What are Externalities?

Definition: Externalities are the positive or negative economic impact of consuming or producing a good on a third party who isn’t connected to the good, service, or transaction. In other words, they are unforeseen consequences to economic activities.

What Does Externalities Mean?

What is the definition of externalities? Generally, the social benefit should be greater than the private benefit so that society protects its members and is productive. When the production or the consumption of a good or a service proves beneficial to a third party, then it is a positive externality.

Conversely, when the production or the consumption of a good or a service is detrimental to a third party, then it is a negative externality. For example, a farmer that cultivates oranges is a positive externality because he provides society with healthy products. Conversely, someone who is smoking in a closed area is a negative externality because he may cause cancer to other people.

Let’s look at an example.

Example

Contemporary society suffers from crime, drug use, and vandalism. These are examples of negative externalities as they harm the public good. However, by building new homes to foster the homeless people, these social problems may be anticipated to a certain extent. Therefore, if the social benefit is greater than the private benefit, the outcome for the society is positive.

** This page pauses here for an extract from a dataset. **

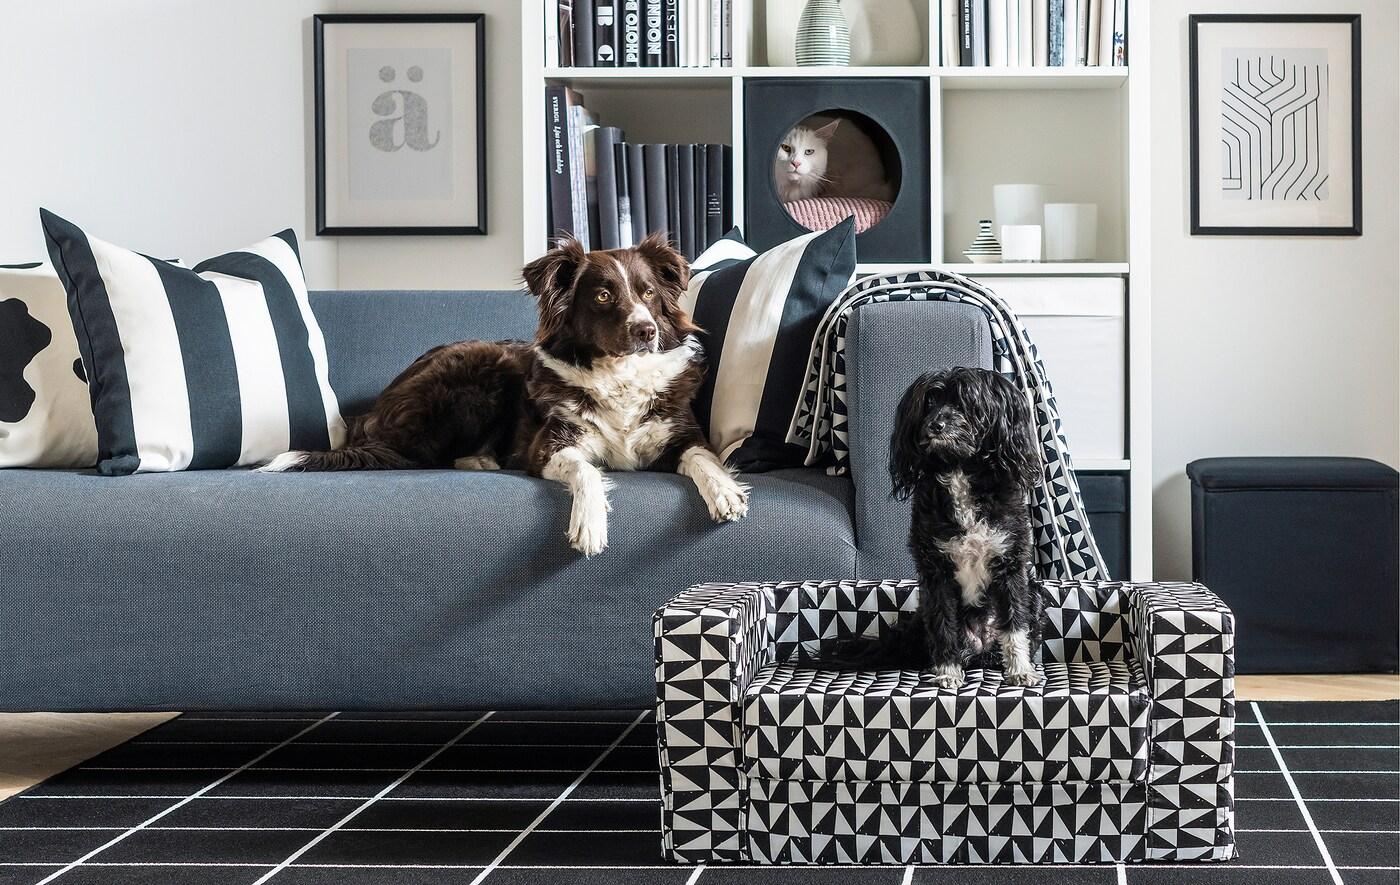 Lien vers le billet de blogue IDÉES «Améliorer le quotidien de nos compagnons à quatre pattes» – image d'un salon avec deux chiens et un chat qui se détendent avec style.

Furthermore, modern buildings have improved insulation, thereby lowering the cost of heating. Also, new buildings are following the contemporary environmental standards that require the building to be clean, without damp, and with a high level of sanitation. Therefore, as the social benefit is greater than the private benefit, the outcome for the society is positive.

So, if building new houses can create positive externalities, the social benefit contributes to social efficiency. In the cases that social efficiency is at stake, the government may intervene to encourage the creation of positive externalities through the production or consumption of certain goods or services. A typical example is the government intervention in the UK for the clearing of slums and their replacement with affordable homes in 2010.

Summary Definition

Define Externalities: Externality means the actions of a group of people having a positive or a negative impact on a third party.